WORK REQUEST —
Return the listing below exactly as it stands. Pictures stay out.

INFORMATION SUPPLIED —
───
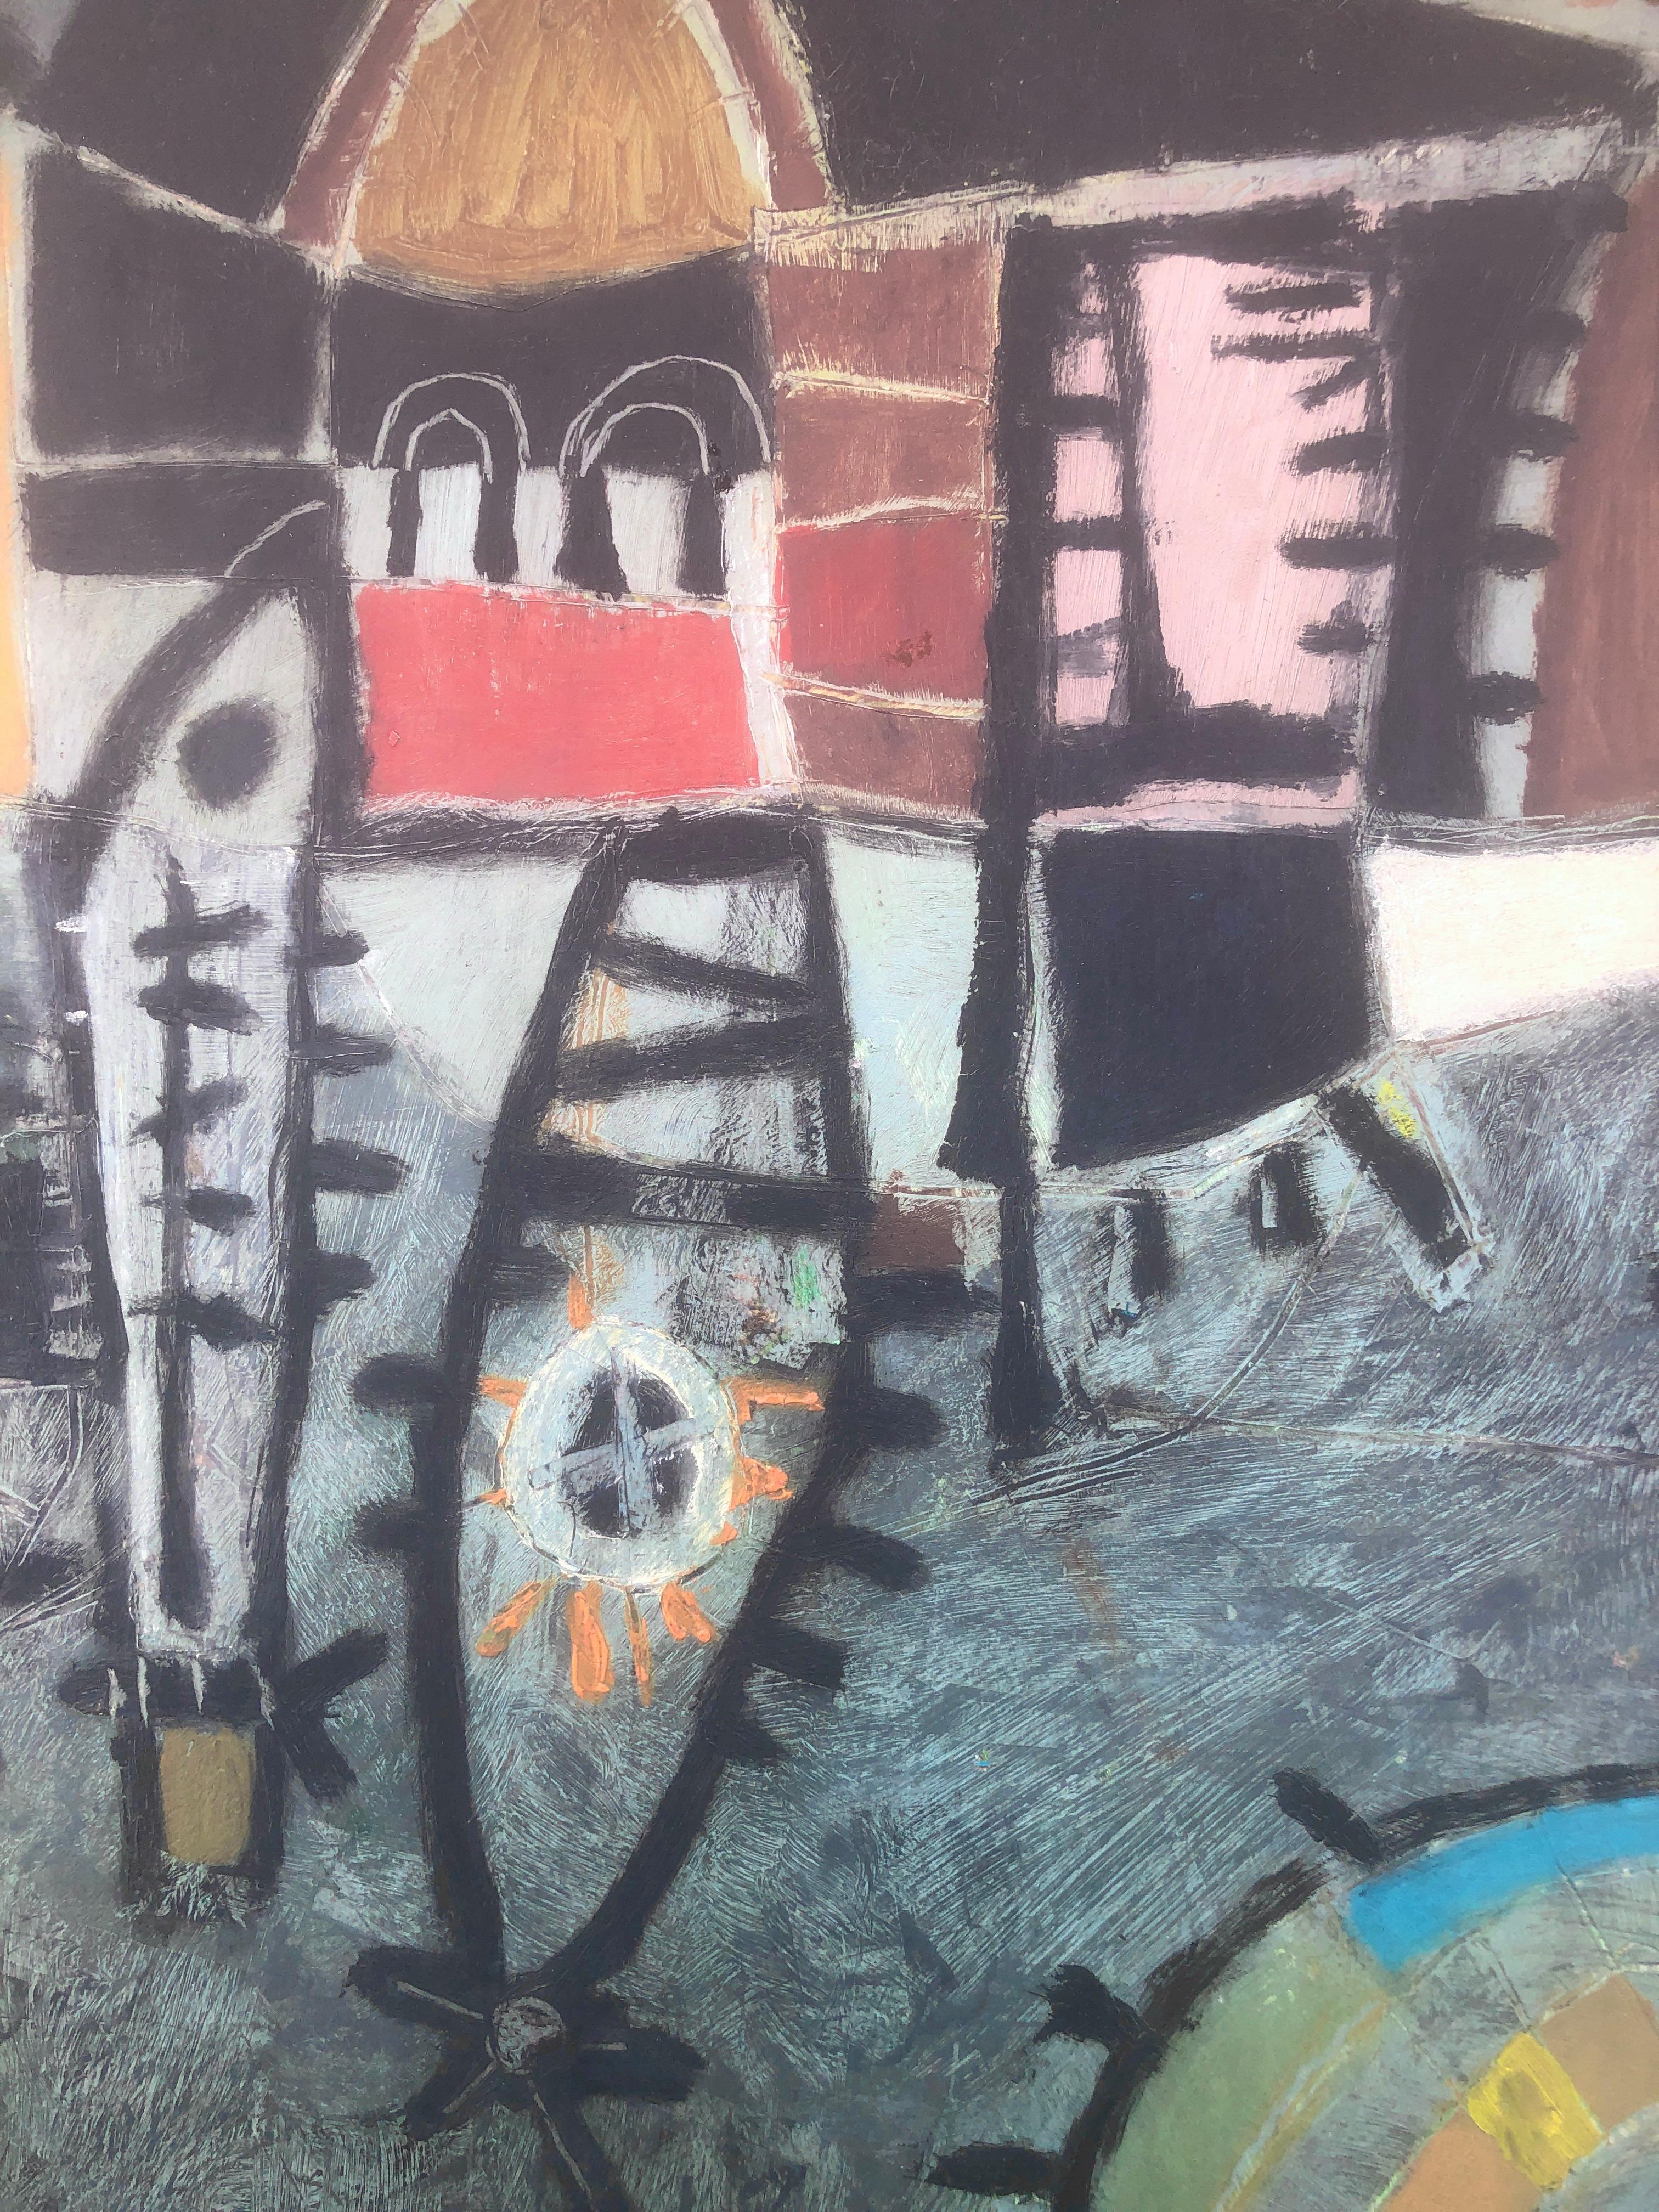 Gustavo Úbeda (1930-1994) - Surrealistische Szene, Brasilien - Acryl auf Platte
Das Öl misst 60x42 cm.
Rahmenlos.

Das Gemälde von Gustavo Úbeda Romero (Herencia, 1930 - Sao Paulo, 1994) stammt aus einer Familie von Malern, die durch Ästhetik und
───
SOLUTION BELOW —
 Gustavo Úbeda (1930-1994) - Surrealistische Szene, Brasilien - Acryl auf Platte
Das Öl misst 60x42 cm.
Rahmenlos.

Das Gemälde von Gustavo Úbeda Romero (Herencia, 1930 - Sao Paulo, 1994) stammt aus einer Familie von Malern, die durch Ästhetik und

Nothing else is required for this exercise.